From the line with "Lot 31 - Radio" to the end of the data below, restate each line word for word, both ends included, without the pictures.

▶ [Raw data]:
---*---

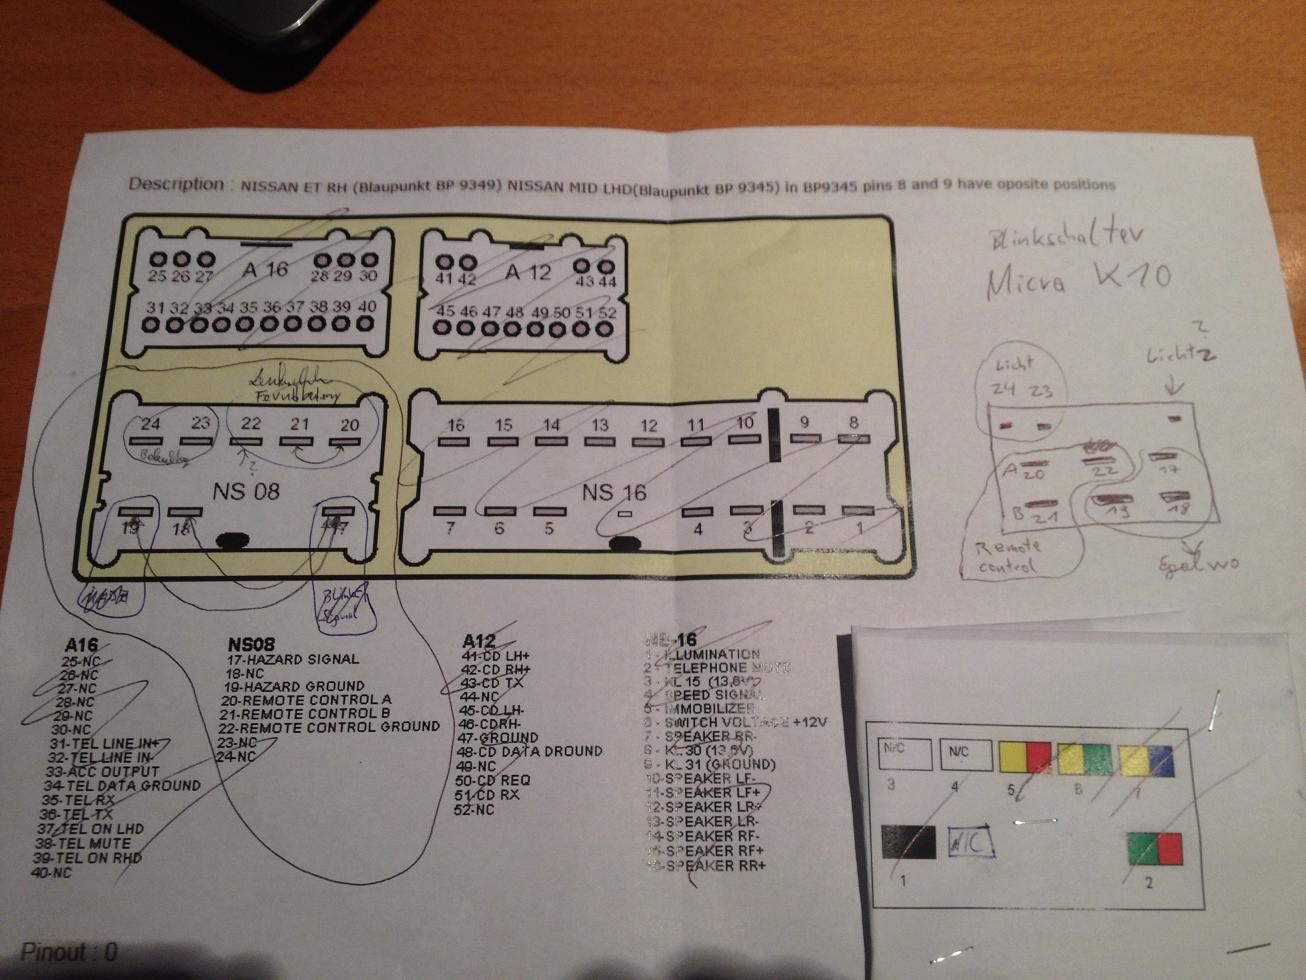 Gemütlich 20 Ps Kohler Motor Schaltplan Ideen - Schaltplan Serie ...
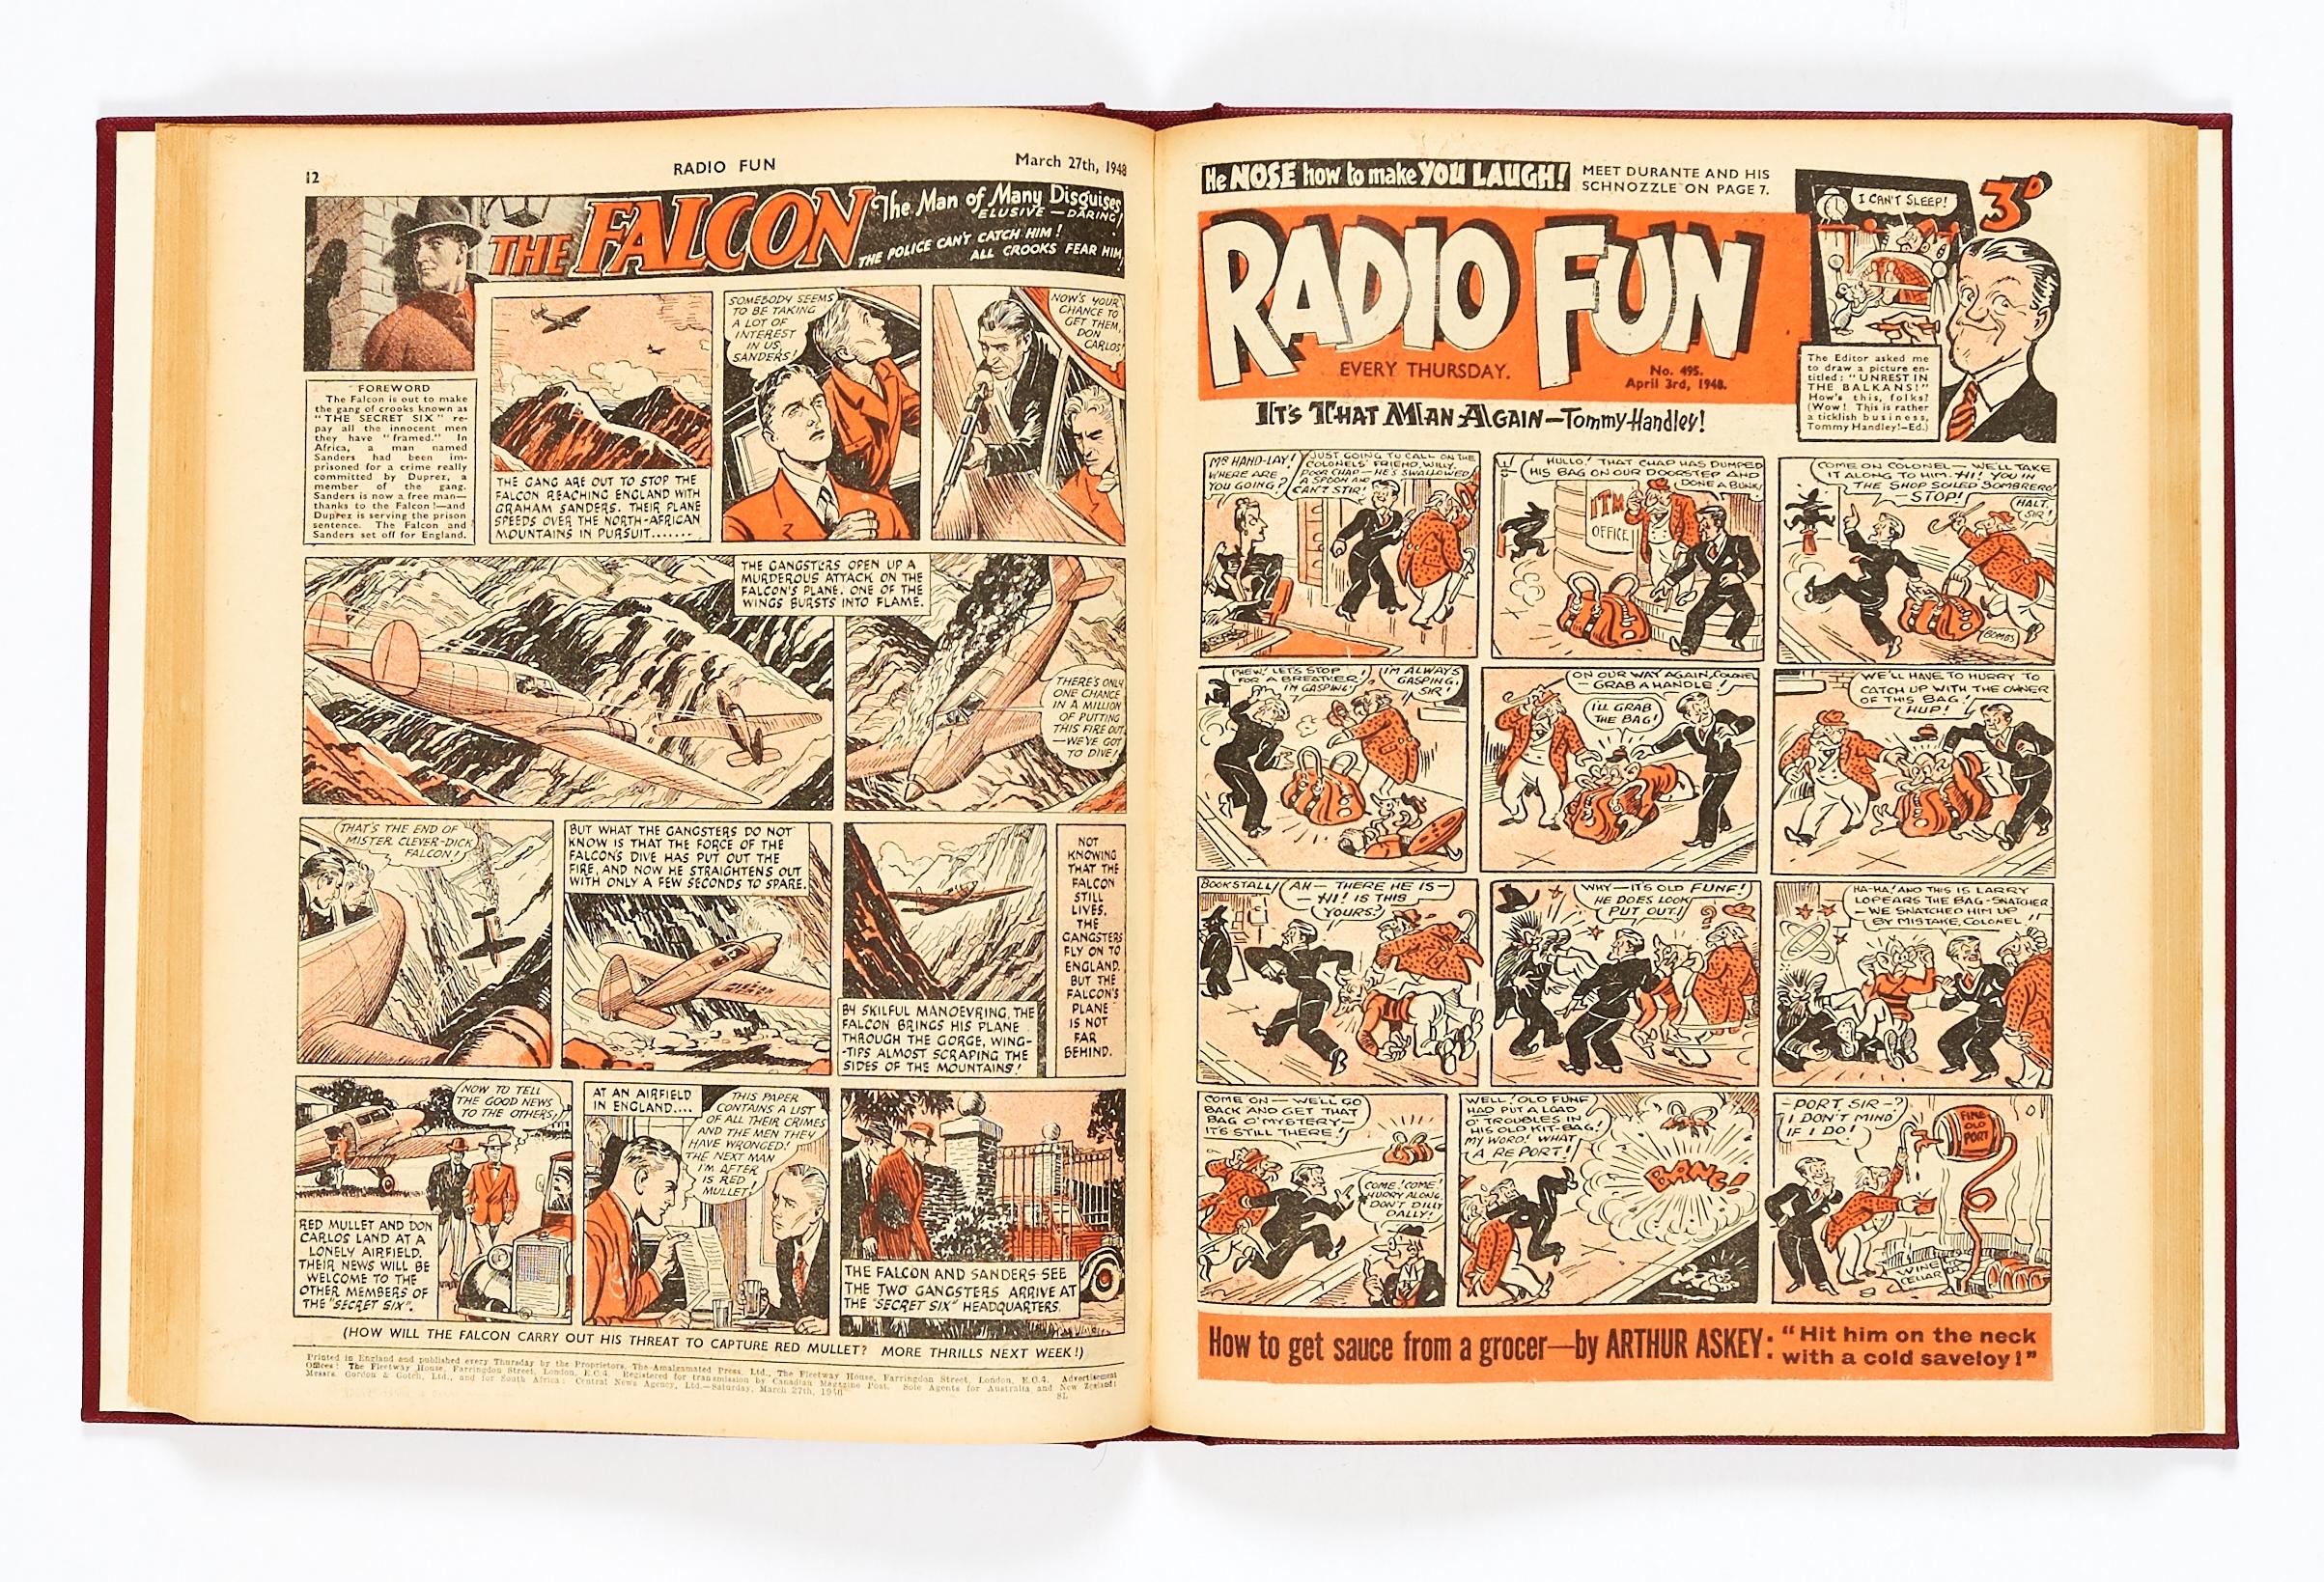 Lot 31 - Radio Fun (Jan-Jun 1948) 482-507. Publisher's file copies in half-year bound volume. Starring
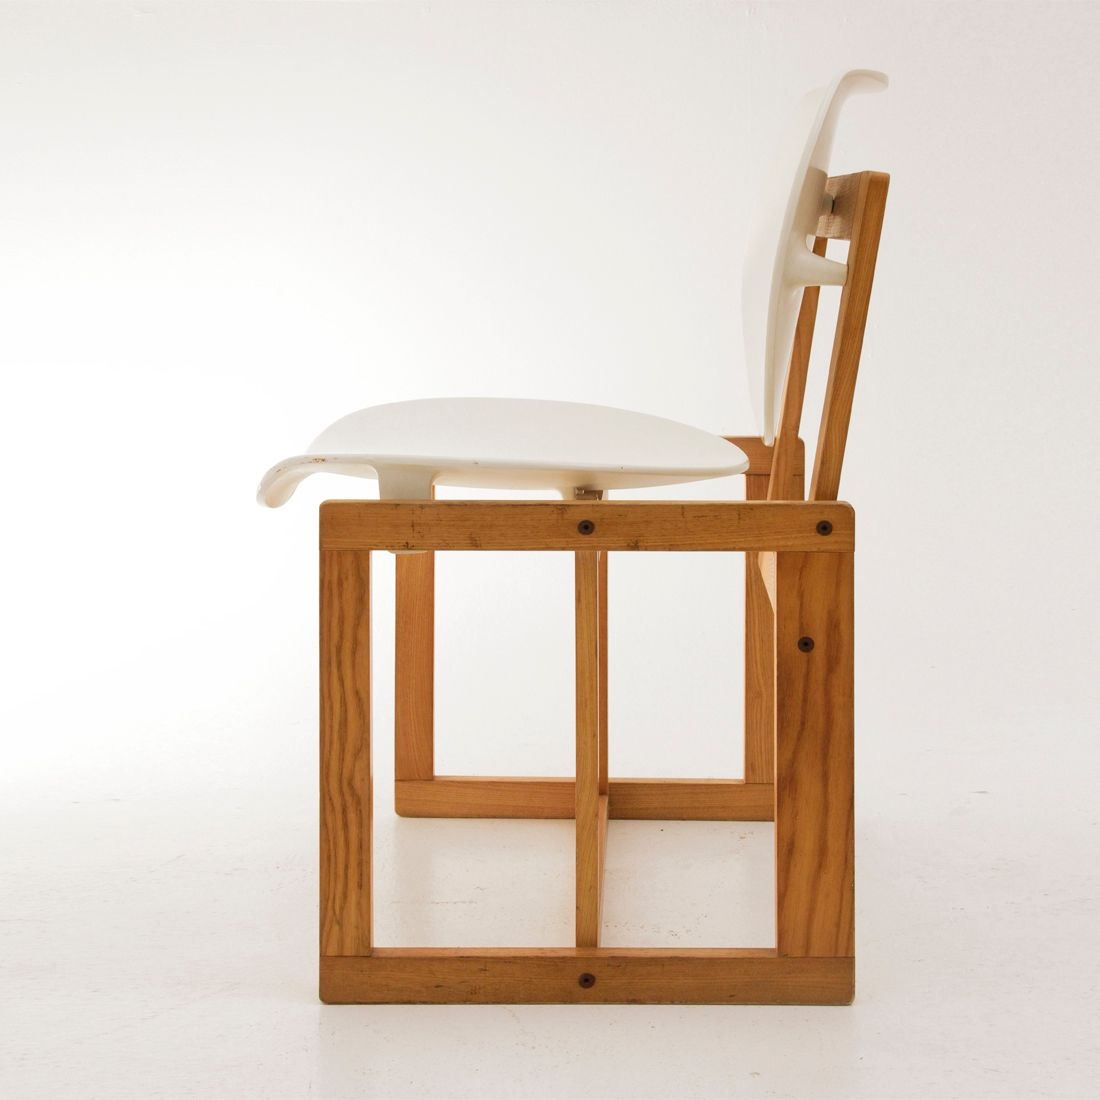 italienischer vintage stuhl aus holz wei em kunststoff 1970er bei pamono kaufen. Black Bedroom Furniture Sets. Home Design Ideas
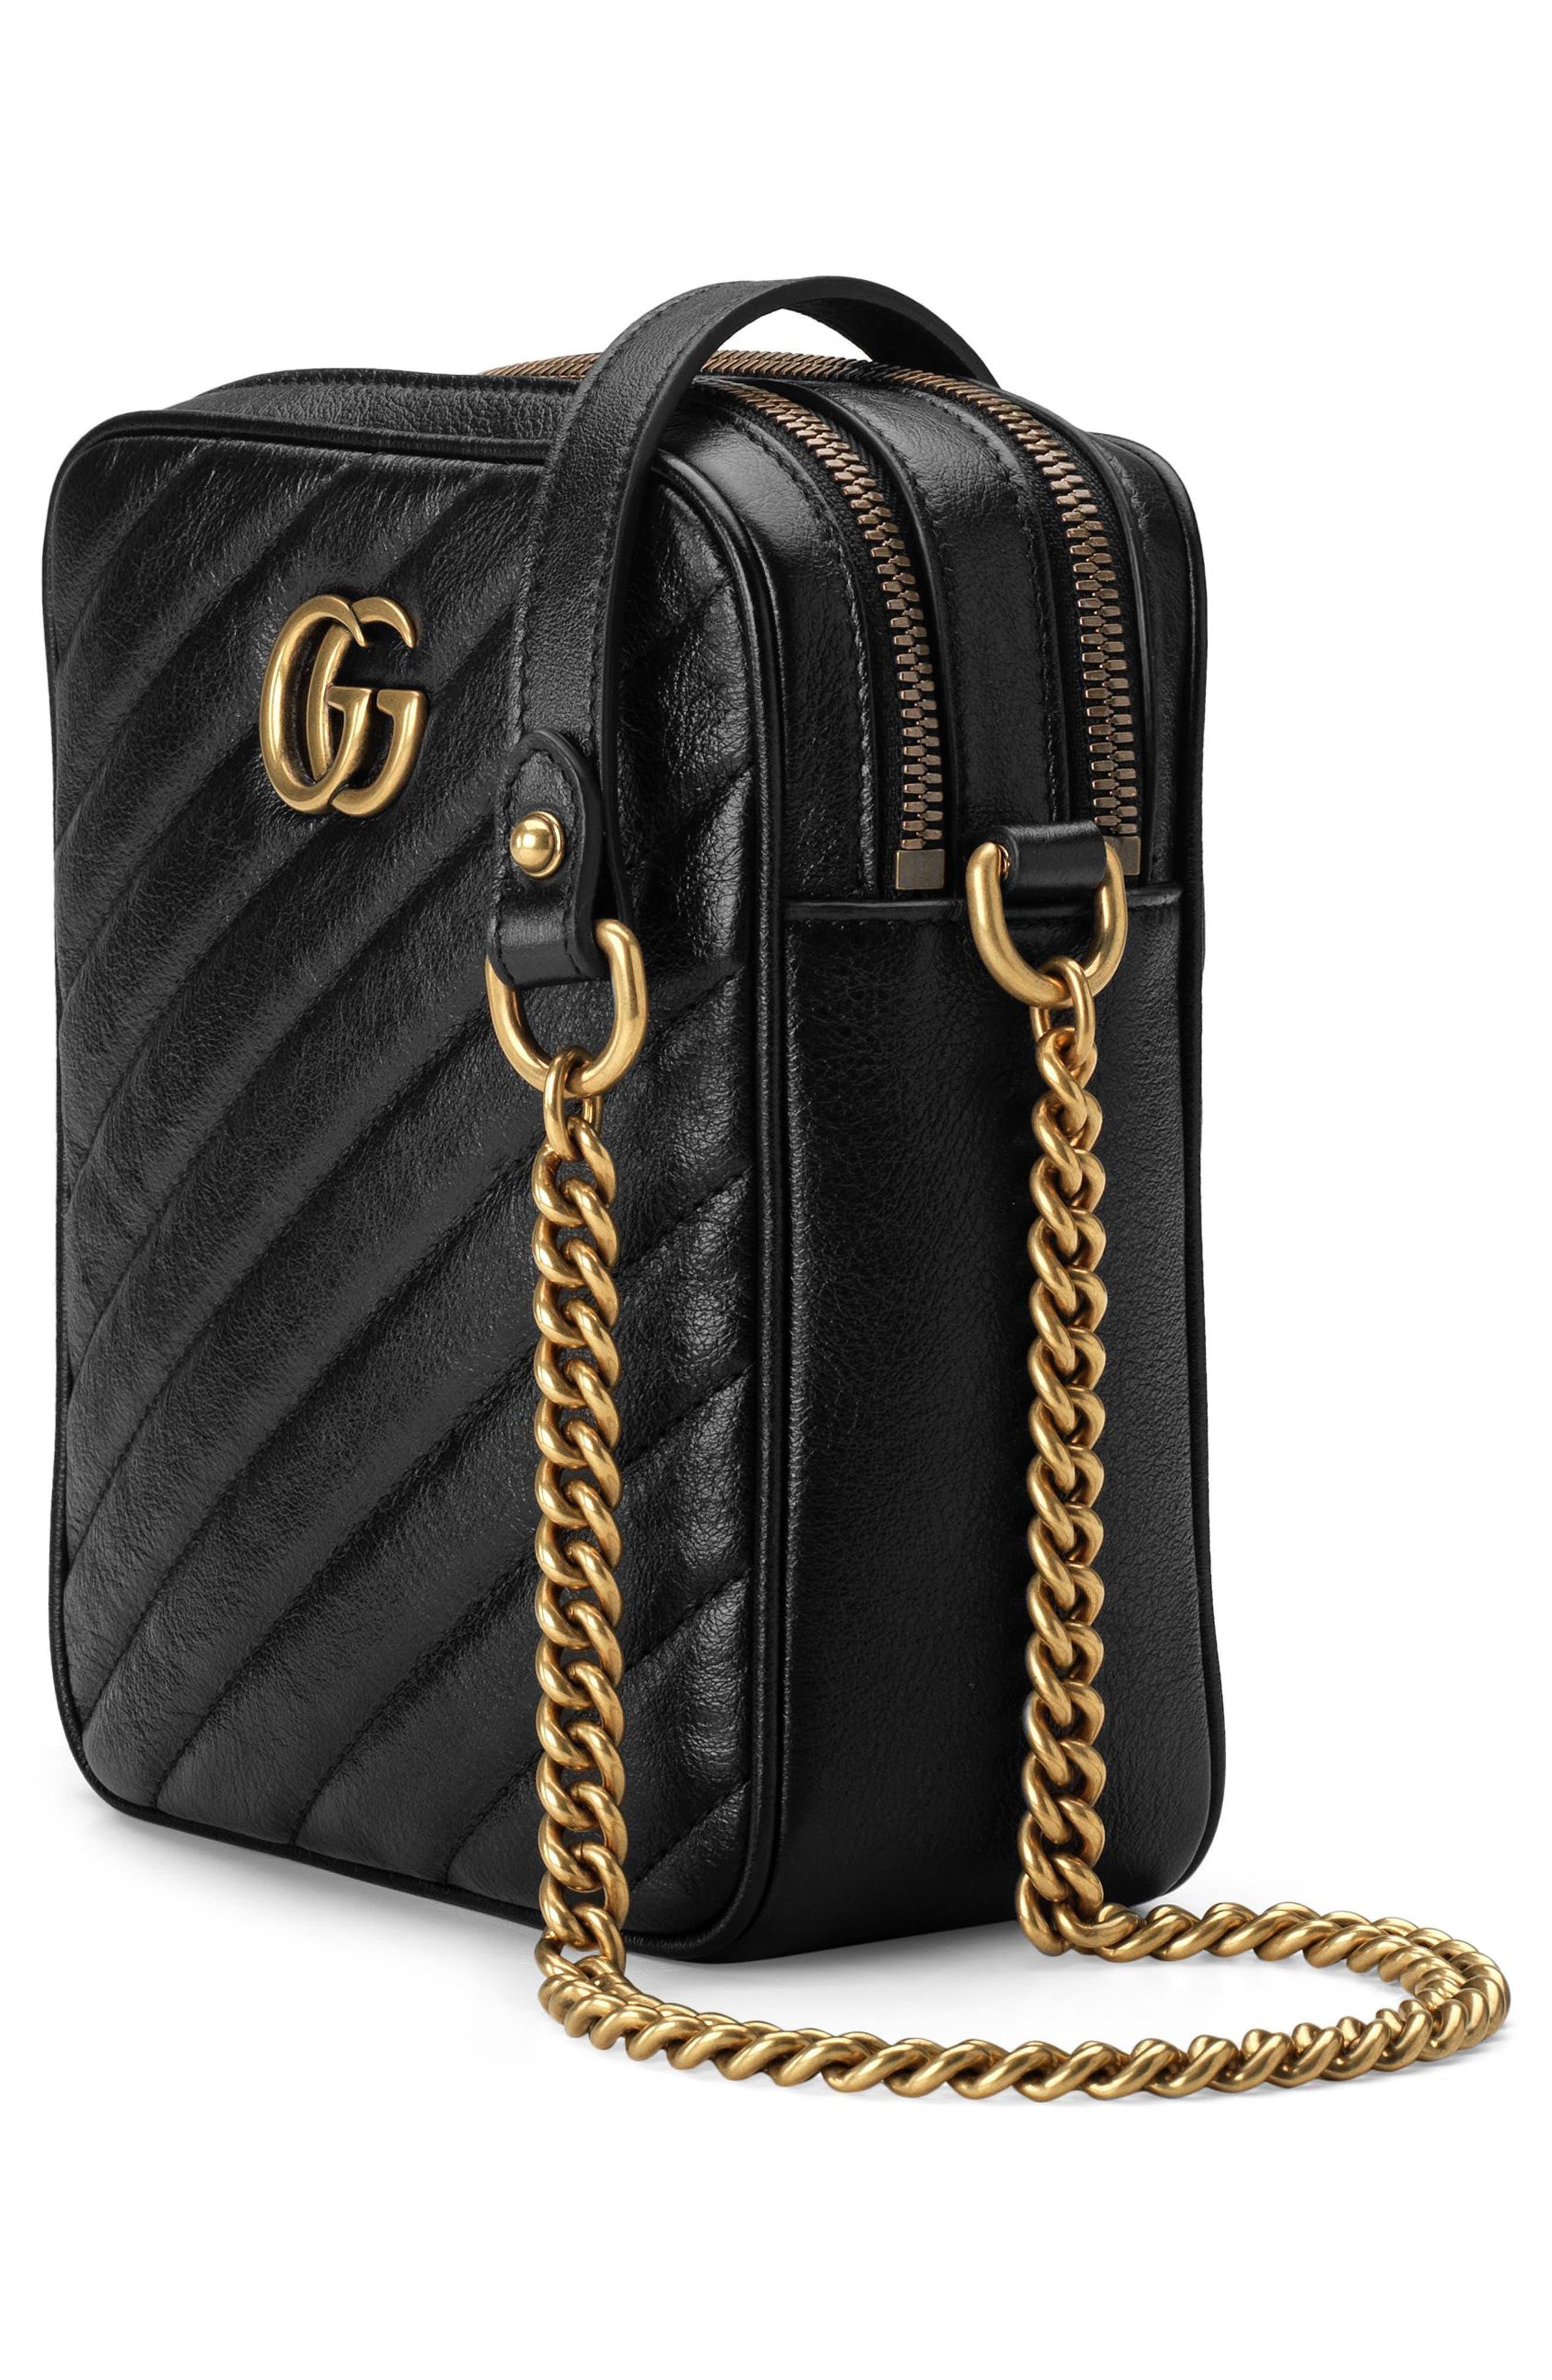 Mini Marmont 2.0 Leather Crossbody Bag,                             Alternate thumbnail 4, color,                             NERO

---*---

▶ [Solved exercise]:
 Lot 31 - Radio Fun (Jan-Jun 1948) 482-507. Publisher's file copies in half-year bound volume. Starring
 italienischer vintage stuhl aus holz wei em kunststoff 1970er bei pamono kaufen. Black Bedroom Furniture Sets. Home Design Ideas
 Mini Marmont 2.0 Leather Crossbody Bag,                             Alternate thumbnail 4, color,                             NERO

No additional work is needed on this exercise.